12:18 kloofy: either the people are jsut too busy or lazy though
12:20 karolherbst_work: pq: sadly the one guy with the mmiotrace issue didn'T respond anymore :/ really annoying
12:24 kloofy: so let's move to another one, now how do you think packing the masks into virtual address in the spot of index+offset field gonna work out, or into macro/micro tiles, i kinda dry tested the theory and it this one should indeed work
12:24 kloofy: now but i again don't know if i could materialize the theory into a patch too
12:25 kloofy: among with the new precompiler based of llvm's linker, and with couple of other optimizations it should really lift the perf to heaven basically
12:26 kloofy: karolherbst_work: i assume you still want to do the scheduling the nvidia way , while i think that my way is faster
12:27 kloofy: the sourceforge project kinda disassembled the scheduling opcodes , i have a hunch but i am not really interested in their way
12:28 mmaret: Hi guys, I'm looking for some help !
12:28 mmaret: I'm facing a issue with a nvidia "Grid" card. I'm using a K520(GK104) on a amazon virtual machine (Xen)
12:29 mmaret: most of the time this card produce a big number of interrupt (like 100000/sec)
12:29 mmaret: cat /proc/interrupts reports those interrupts from nvkm
12:29 mmaret: that's why i'm asking here :)

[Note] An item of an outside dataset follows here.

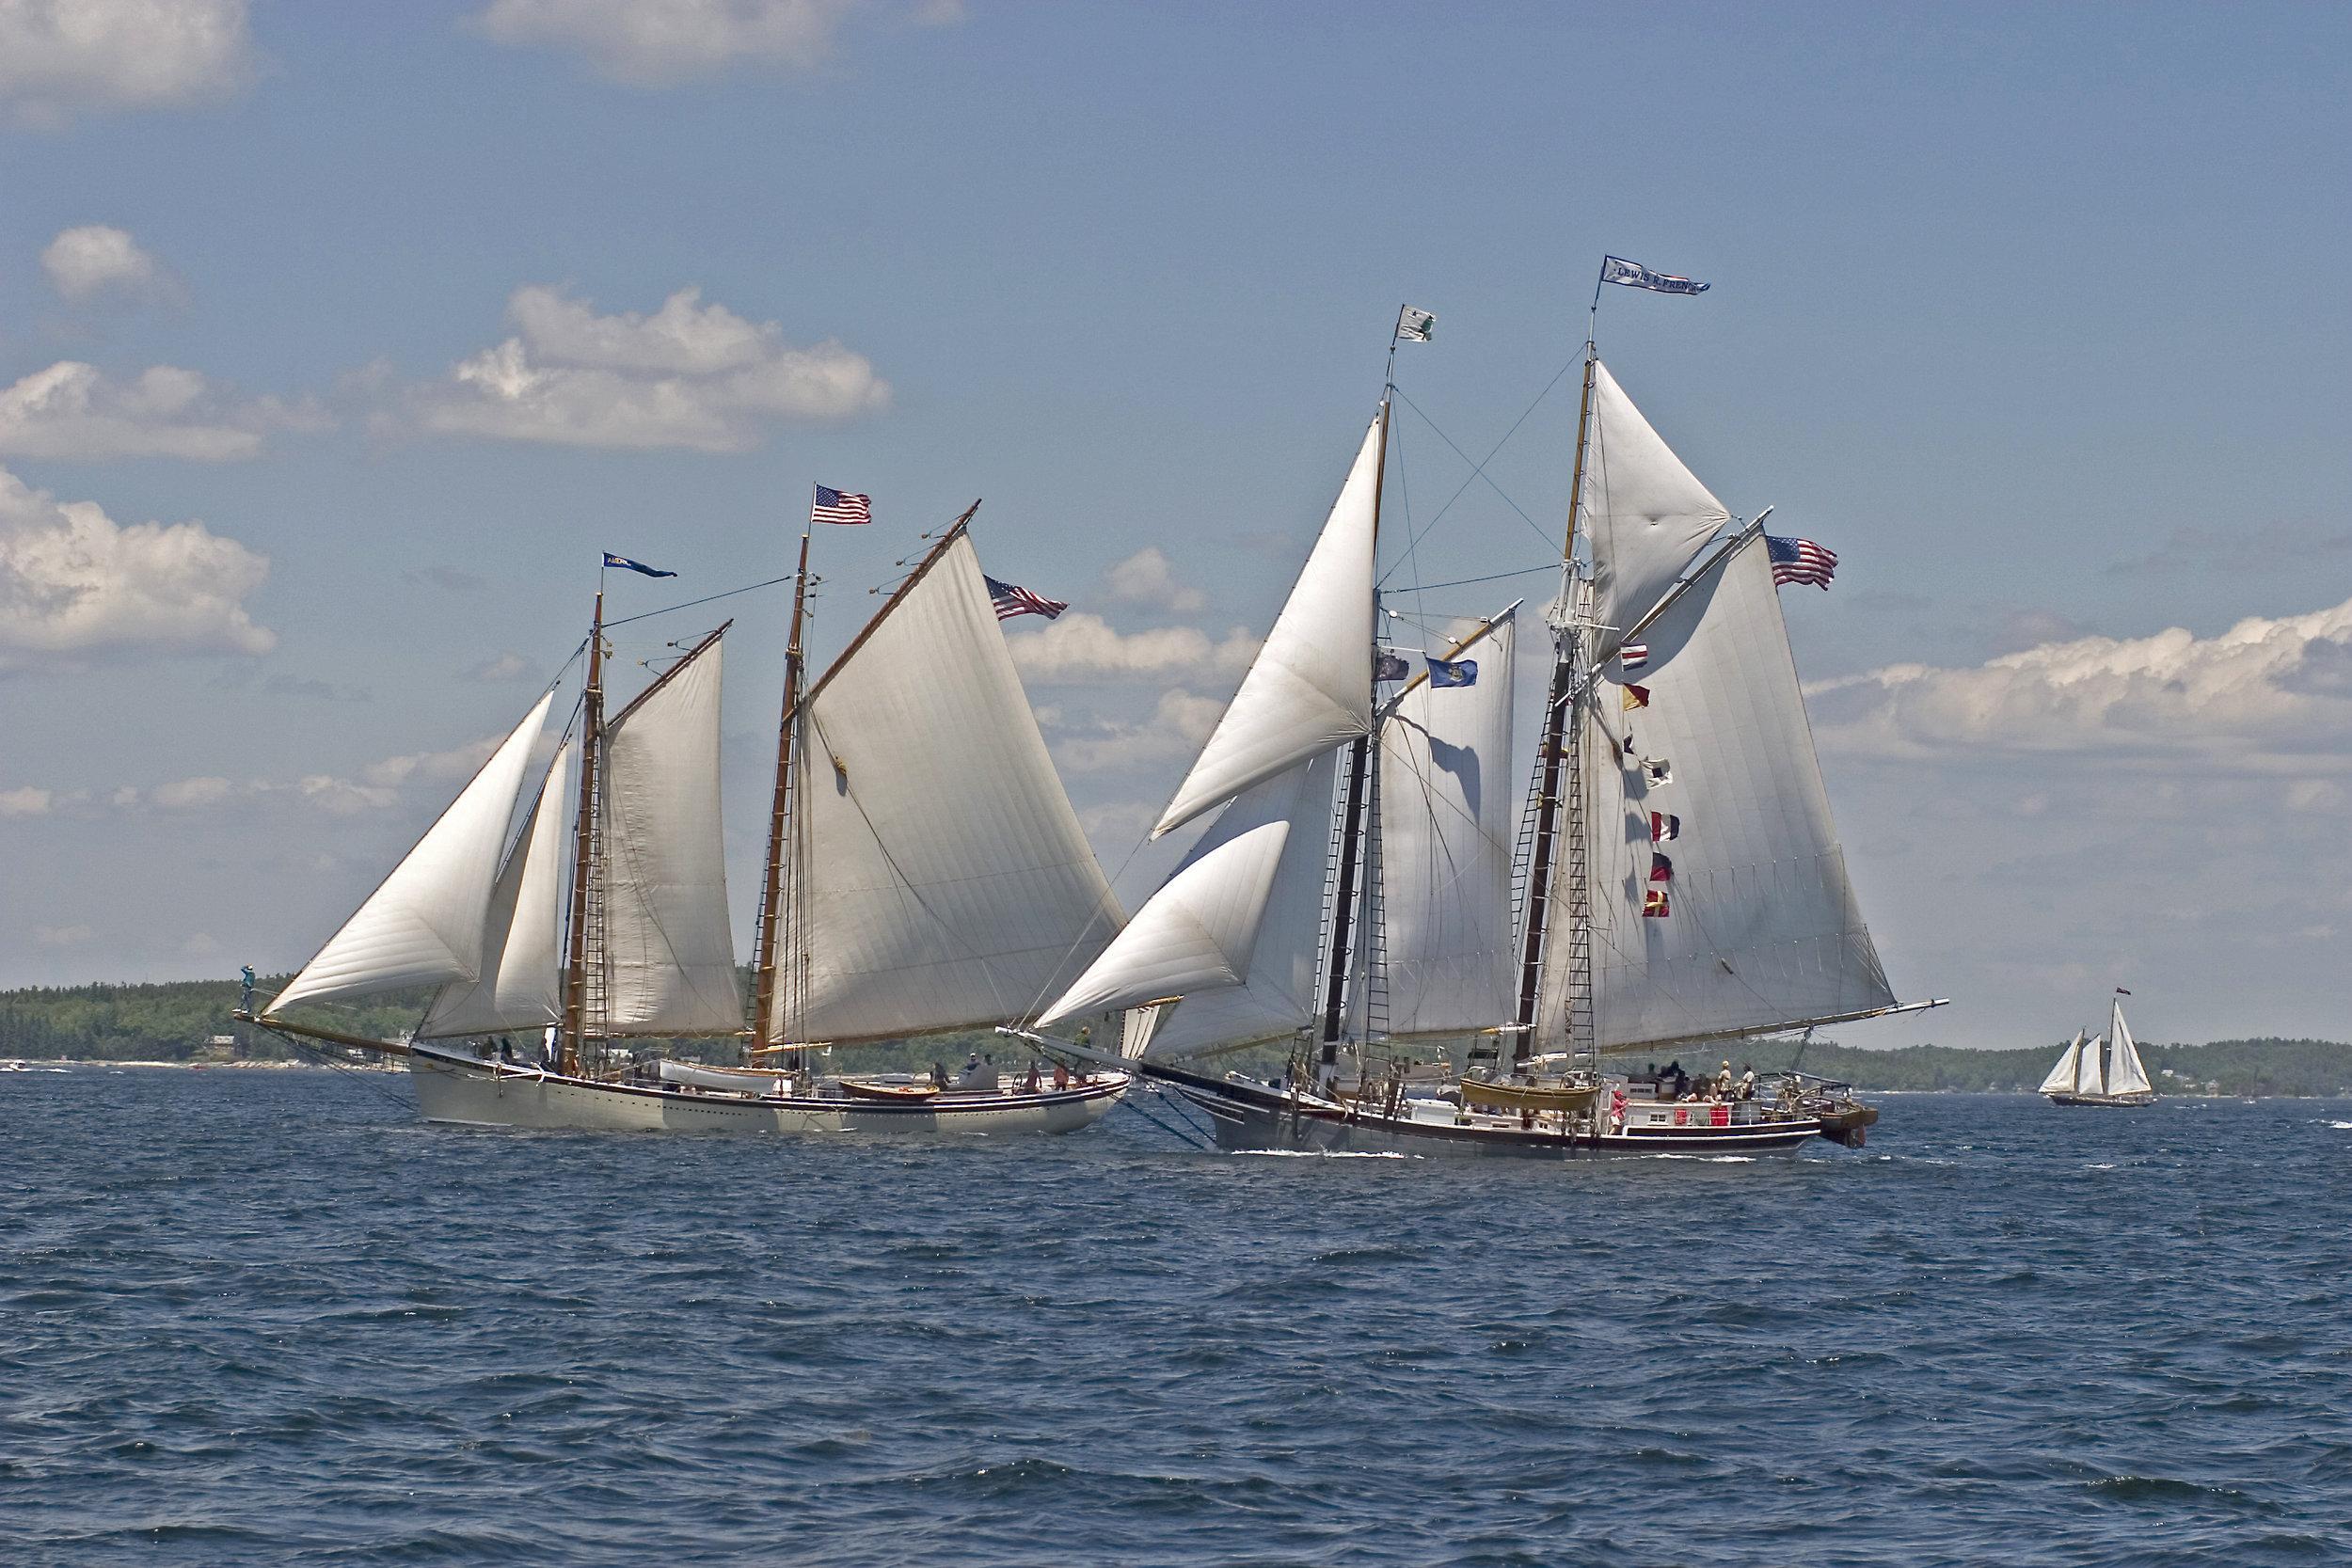 June: Windjammers off Boothbay Harbor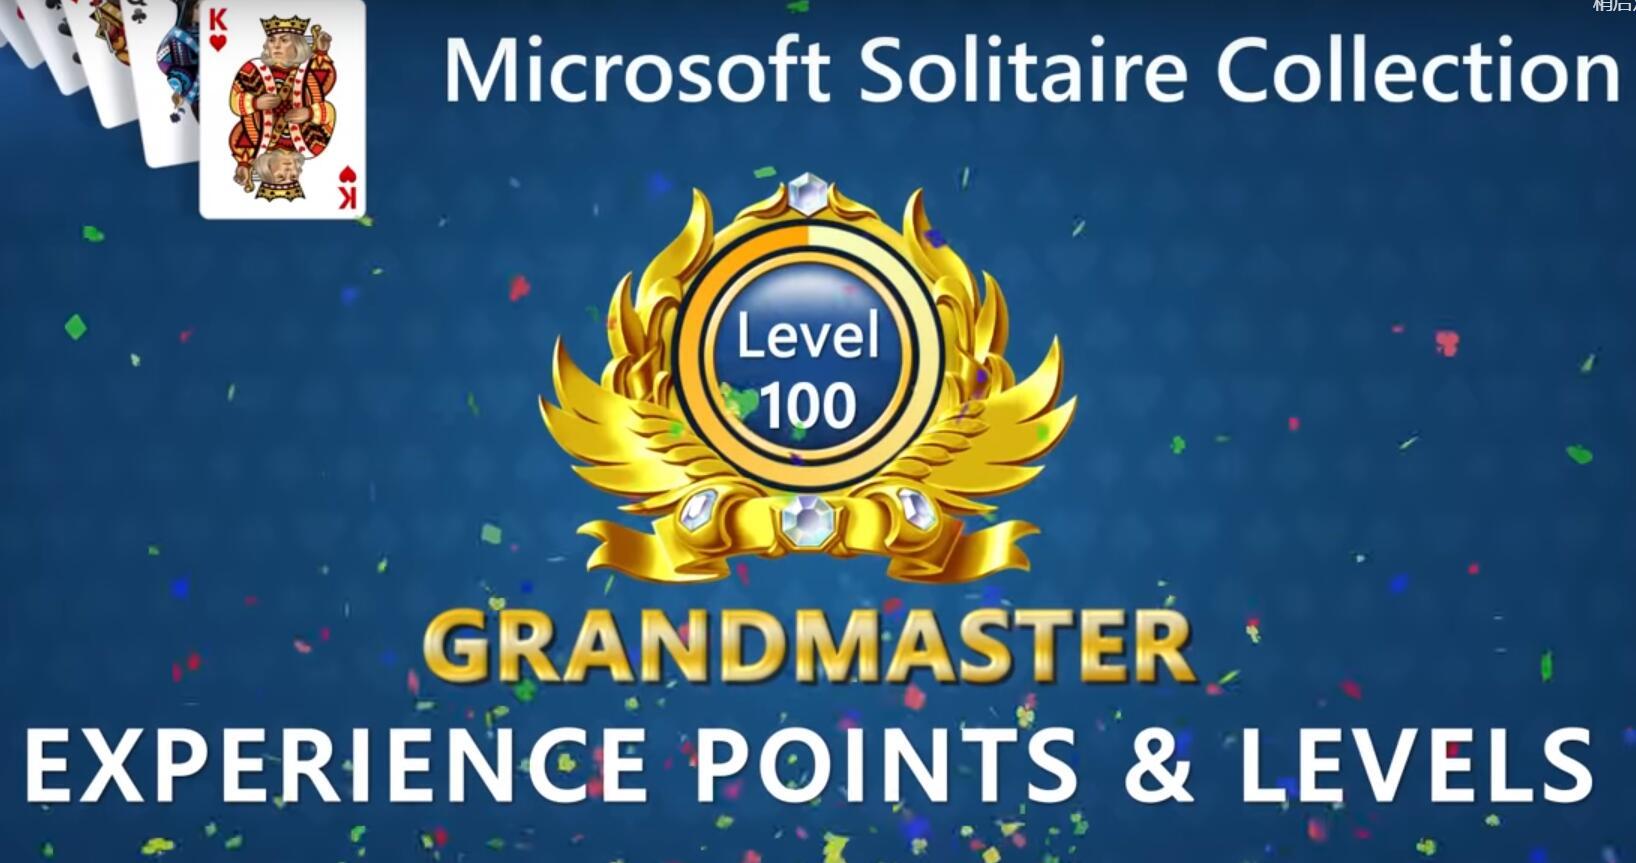 回味经典 微软宣布将为Win10版《纸牌》更新等级系统

12:30 mmaret: I said that this issue happens sometimes because on some amazon computer it seems that it does not happens
12:31 mmaret: This happens with the kernel of the ubuntu 14.04 but also when I upgrade the kernel to 4.4.13
12:32 mmaret: I think that's only related to the kernel module because the issue happens even without X; Just when nouveau is inserted
12:33 mmaret: If you have any idea ...
12:34 mmaret: or If I should directly make a bug report let me know !
12:35 pmoreau: mmaret: Can you upload the output of `dmesg` somewhere please?
12:36 kloofy: i did not understand the key sentence which was the sixth you composed, but those seem to be processor interrupts, should really look how they work in fact
12:37 kloofy: so the hw generates an interrupt and kernel polls it, would it show up in /proc/interrupts?
12:37 kloofy: does anyone know?
12:37 pmoreau: no idea
12:38 mmaret: http://pastebin.com/rpDSRYq4
12:42 pmoreau: Nothing weird in it
12:43 mmaret: it's always when you are requesting some help and people answearing that your computer crash :)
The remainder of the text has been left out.